Please reproduce all of the data exactly as it appears, but skip the pictures.

[Stored data]:
▬▬▬▬▬▬

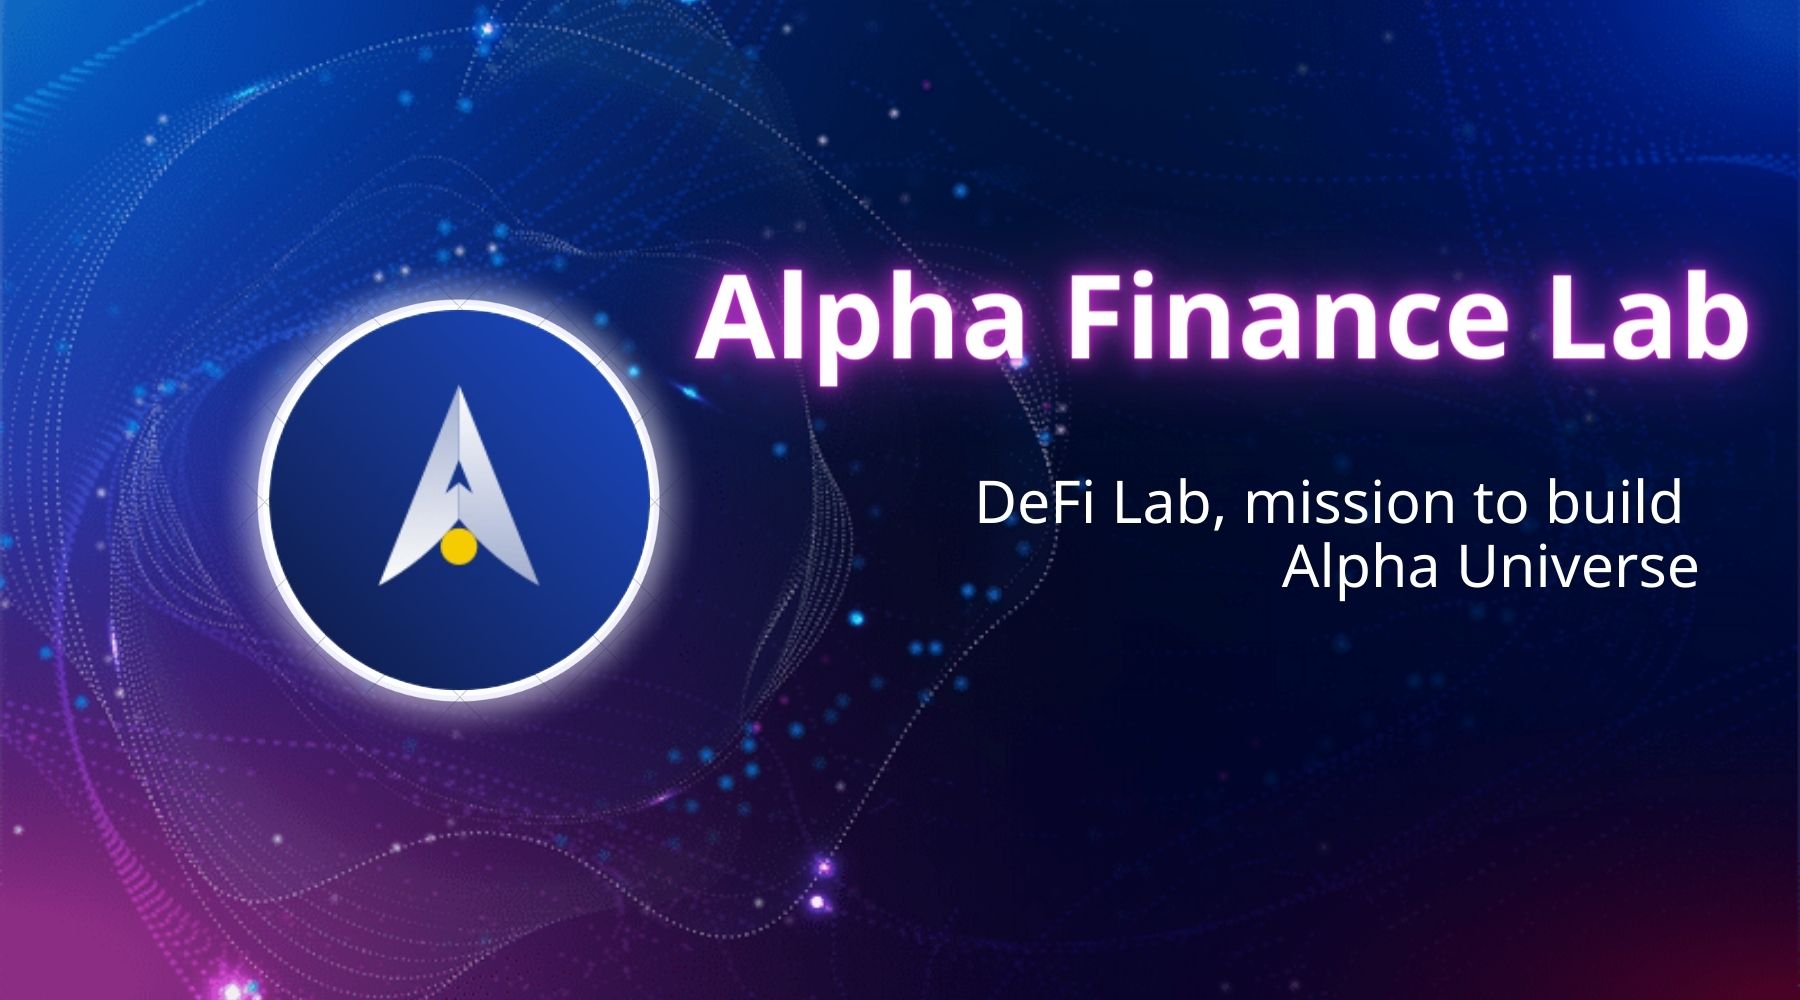 Cách tìm hiểu và đầu tư vào Alpha Network?
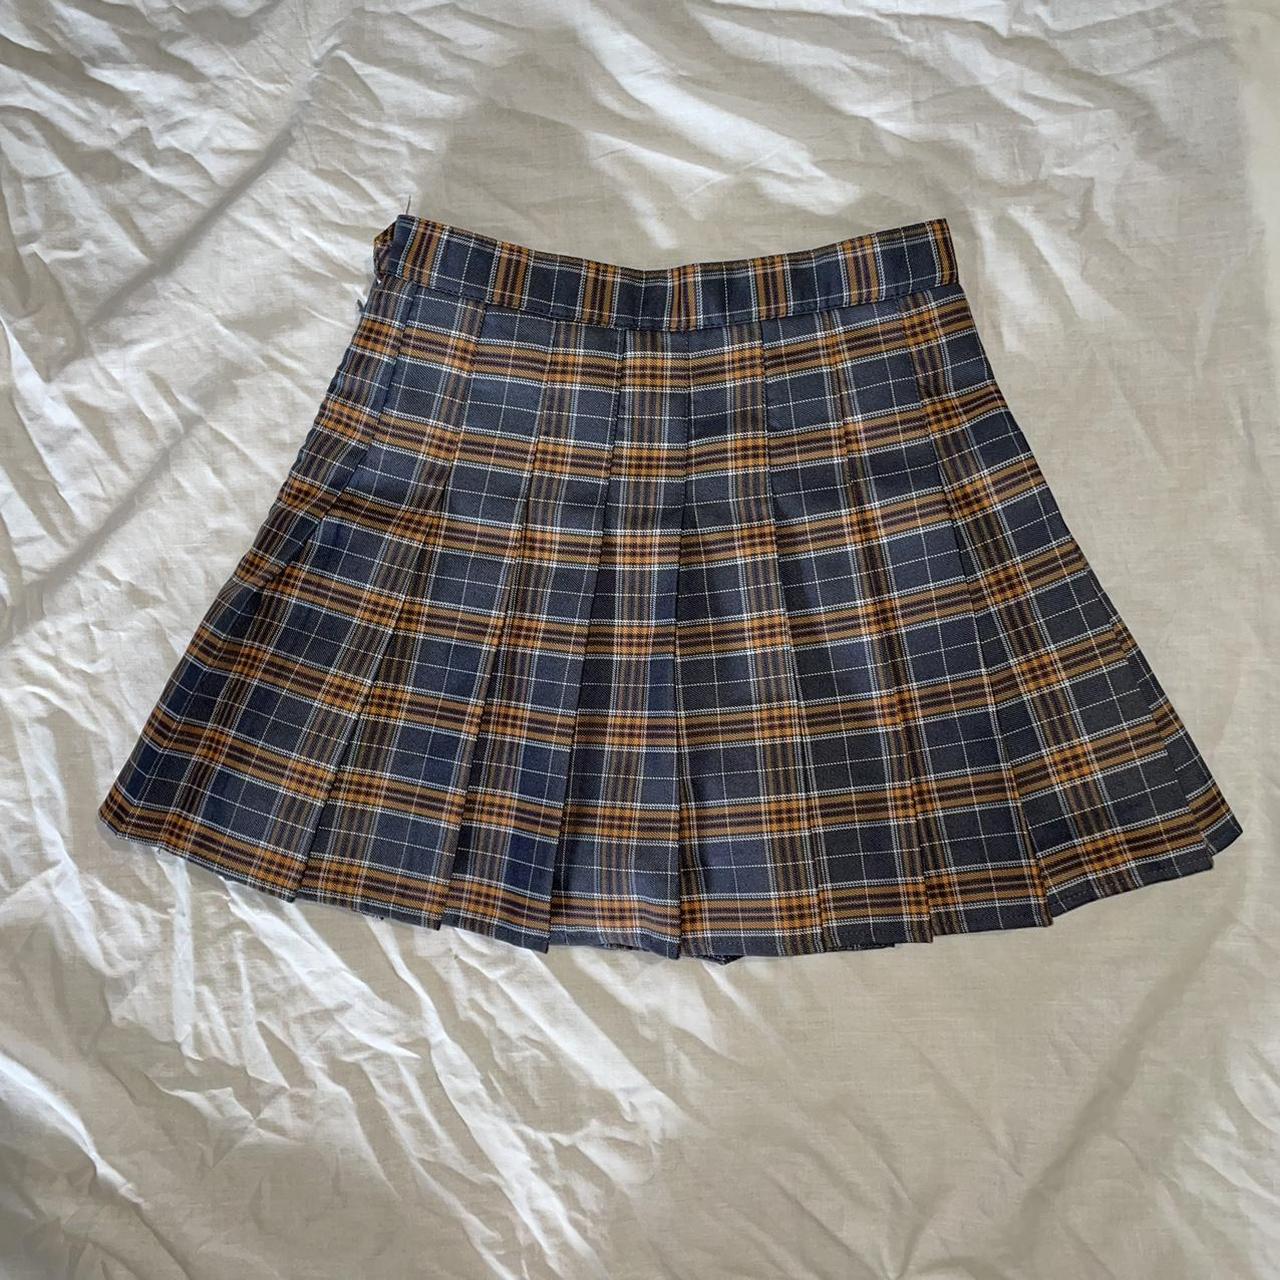 JK style tennis skirt Size Asian M (XS-S) $20 - Depop
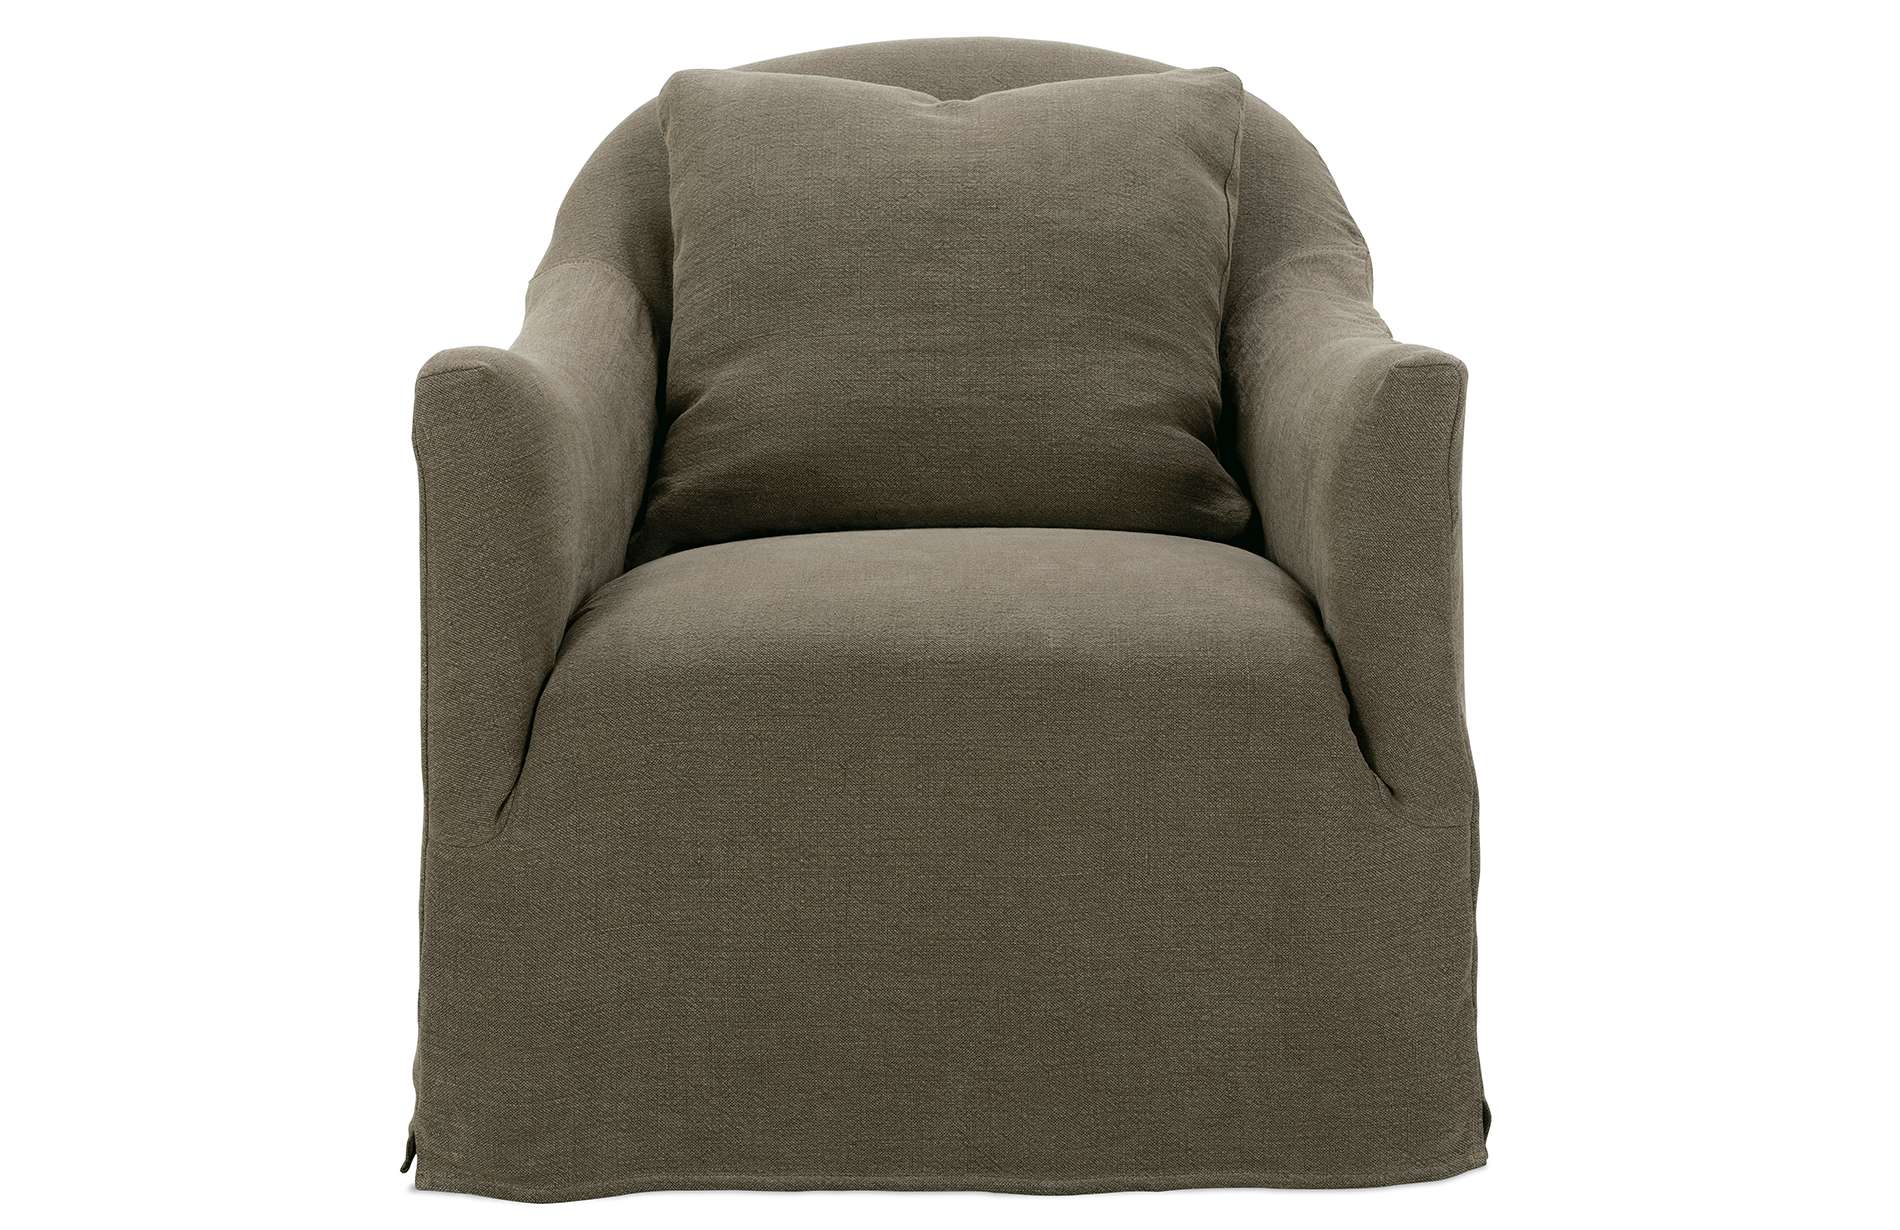 Noel Slip covered chair 

▬▬▬▬▬▬

[Solution for this problem]:
 Cách tìm hiểu và đầu tư vào Alpha Network?
 JK style tennis skirt Size Asian M (XS-S) $20 - Depop
 Noel Slip covered chair 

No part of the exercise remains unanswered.